The Ohio River is currently on the rise. I think by now, the plein air studio I’ve been using all these past months is under water. I’m sure the next time I walk this landscape it will have been rearranged. With spring coming this will be a new place once again and with it a new cycle of debris and artifacts will have washed ashore. I was looking through several months of images shot at the Falls of the Ohio and chose more pictures of toys that I have come across. I’ll end this post with a bonus feature!
And now for the bonus!! Usually after a flood it is common to find logs and sticks that have been snagged by trees as in the above image. On occasion the retreating waters deposit other objects like strange fruits for me to find. Here are a couple more found toys that illustrate this.
Here’s the last toy in three images. Thanks, and see you after the flood.
I thought of you today, wondering how high the water is getting as our rivers up here are flooded way above the flood line. I decided the little red-headed doll with burrs in her hair looks like a relative of “Big Red”.
Hi Leslie, By now, both Big Red and her sister are gone…but I’m sure I will find their relatives!
for a part i grew up on a ship on the rivers and half of my toys were fished out of the river . My favourite were a red plastic horse and a tiny teddy-bear with only one arm
Hi Magda…why do you think so many toys end up in the river? I liked that you saved them and played with them again.

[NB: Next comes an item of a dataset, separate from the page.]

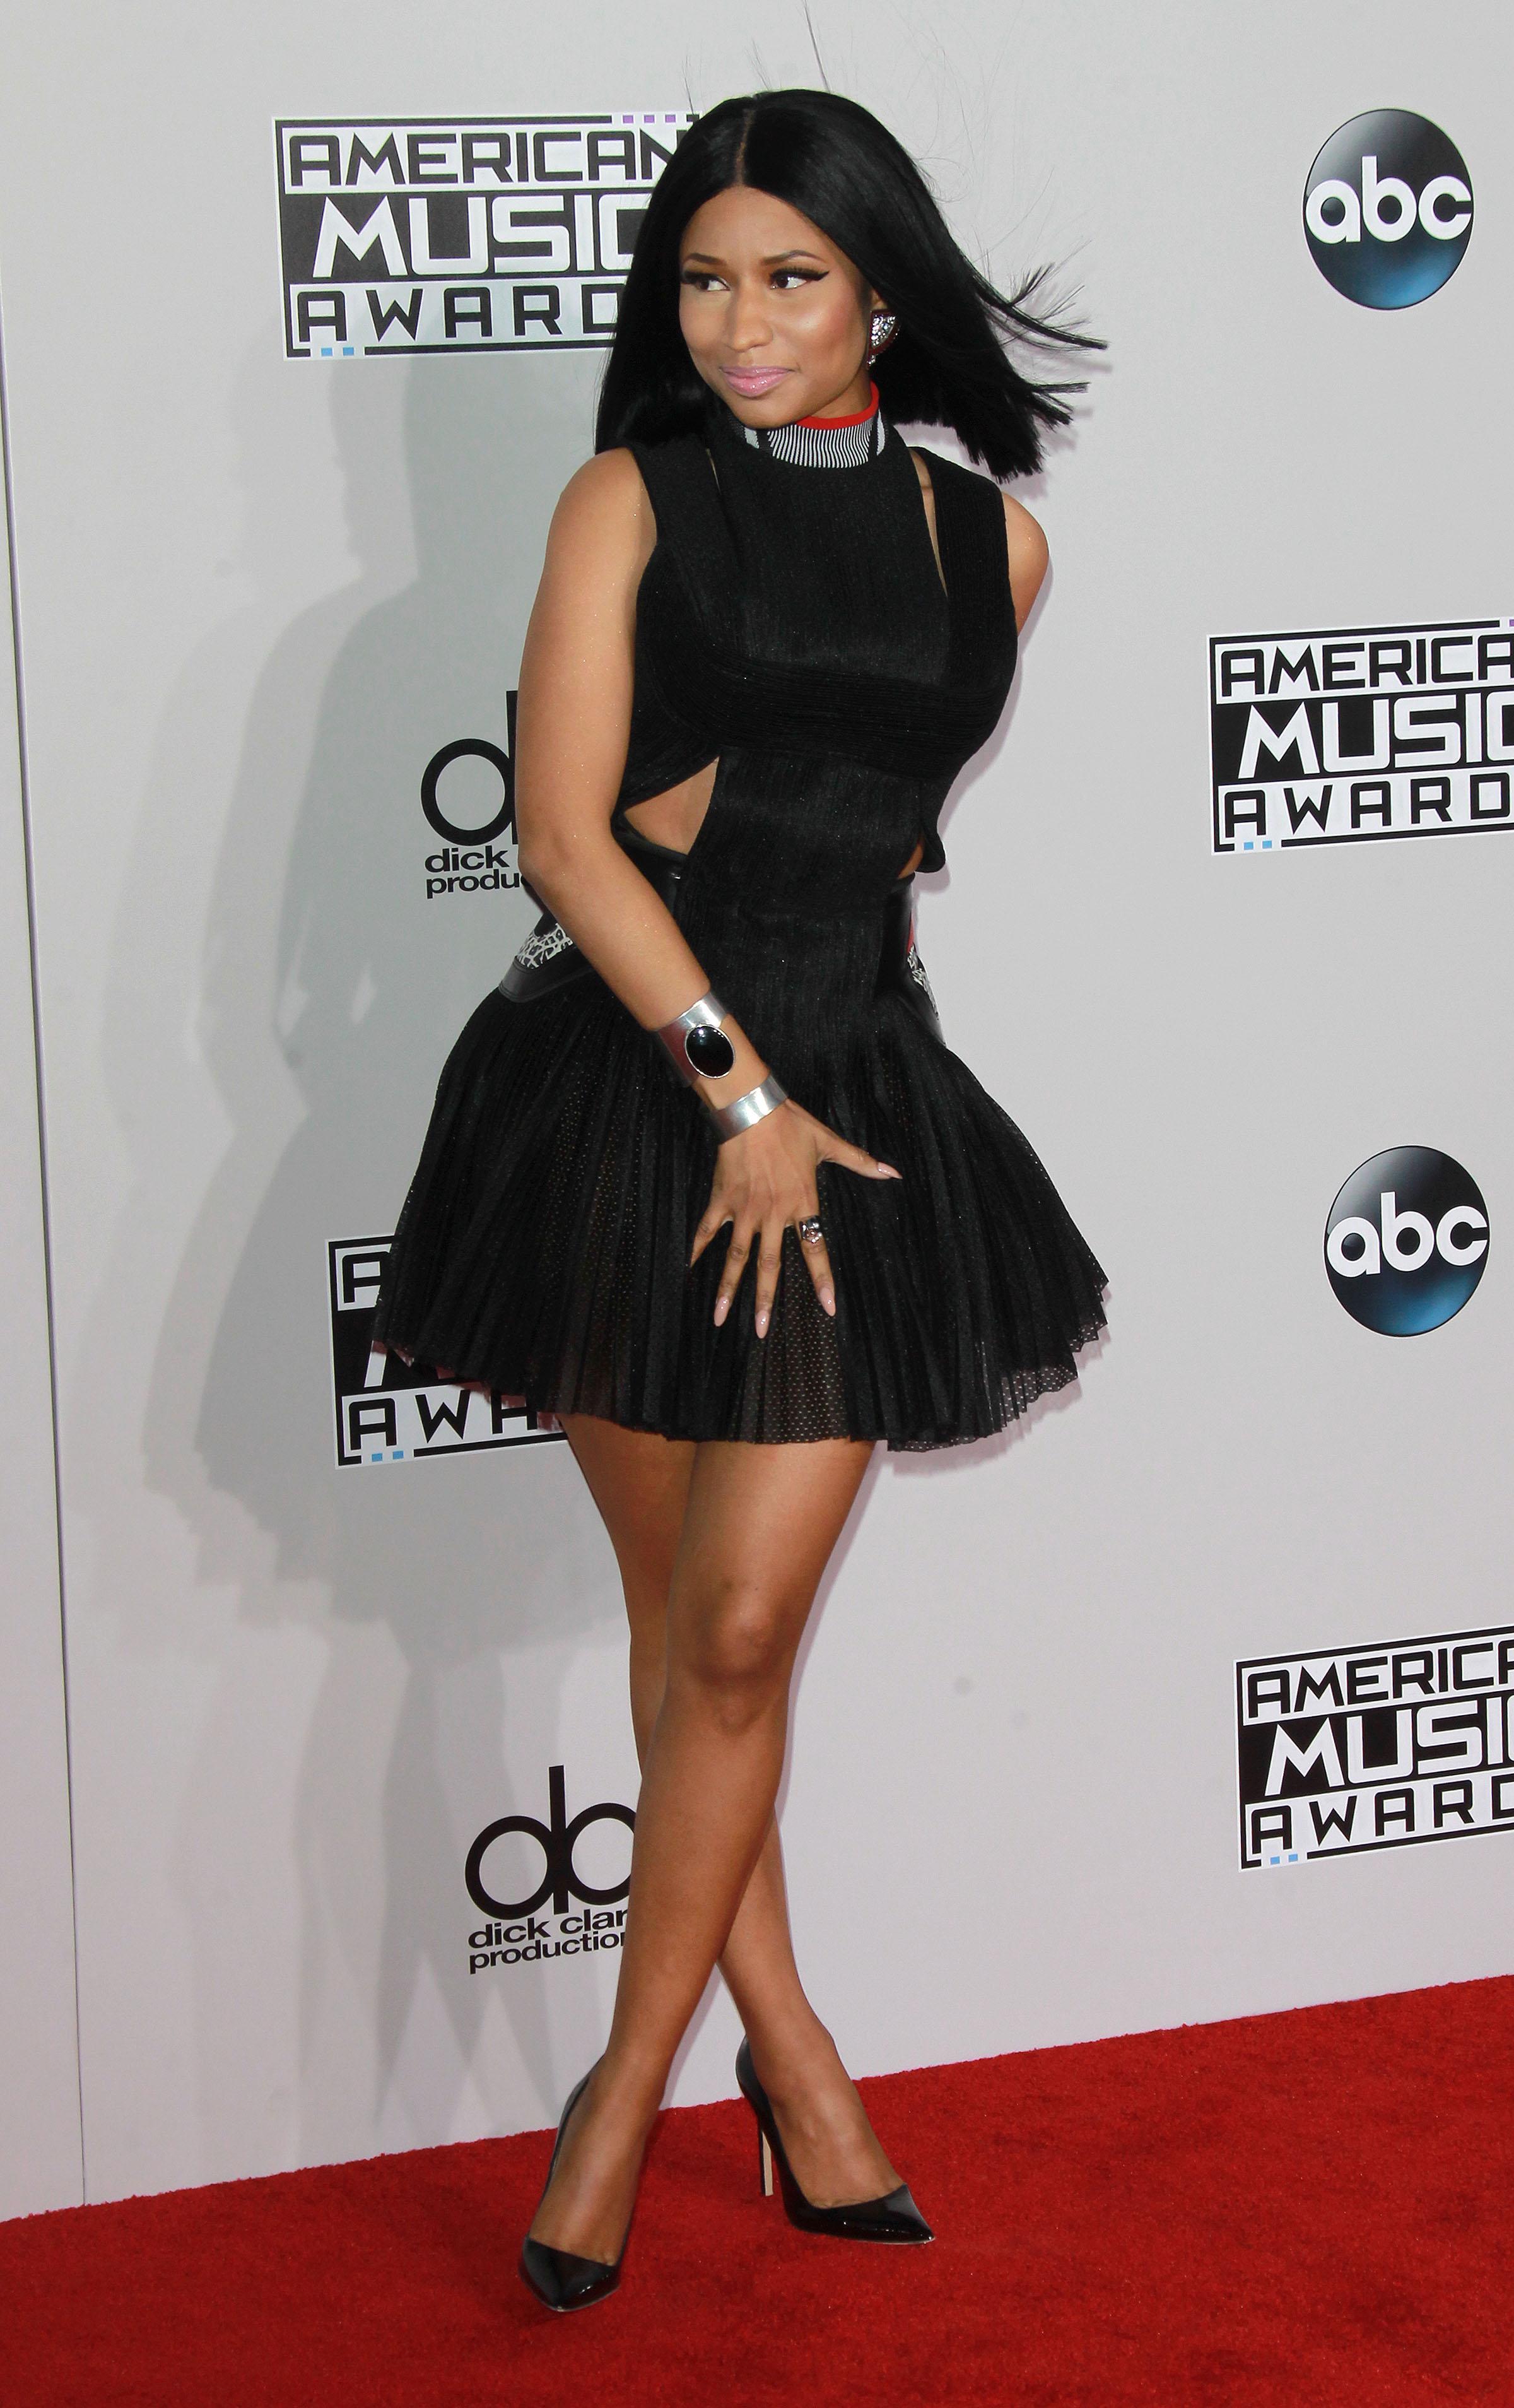 Nicki Minaj arriving at the 2014 American Music Awards

I *really* love what happens to dolls in the river–they become totally terrifying! I also love what happens to toys when the river washes away their original colors and eats away the familiar parts… I don’t think I could ever get sick of looking at river-battered toys.
I have a big “creepy doll” photo collection and have actually resisted posting many of them because they can be disturbing images even though they are just discarded toys. I have found so many of them over the years and often wonder how they got into the river to begin with? Were they escaping or were the girls themselves pitching them into the waves as a way of rejecting gender stereotypes that they may have instinctively recognized? The patina on many of these toys is nice and I like seeing the signs of wear.
Toy trees! What an odd sight! How long does it take for the river to go down?
The leg is creepy! Is the car in the last picture for a child? It looks full size. If it is, I find it outrageous that someone would just dump it in the river! What do they expect to happen to it? just disappear?
Love the strange little hair curlers in the one legged dolls hair 🙂 and the towing hippo (going nowhere for the moment)
A strange and fascinating collection!
Hi Lynda, Why this stuff winds up in the river is probably as variable as the items that get washed away? I find a lot of this stuff to be both creepy and melancholy…come to think of it, these are the same notions that come across in the Toy Story movies. We imprint so much upon these objects. I find all these childhood connections interacting a lot with my own boyhood memories. The river can go down fairly quickly in just a matter of days and I look forward to seeing this rearranged landscape.
What an assortment–people should see your finds before they shop in another store. Hey, fire truck sale down by the river–just come and take it away!
Hi Al–these are sort of “creepy” because of their “toy” connection.
Hi.
I hear you. I try to tread lightly, but with purpose. I think if people are too turned off by all this, their willingness to engage and reconsider suffers.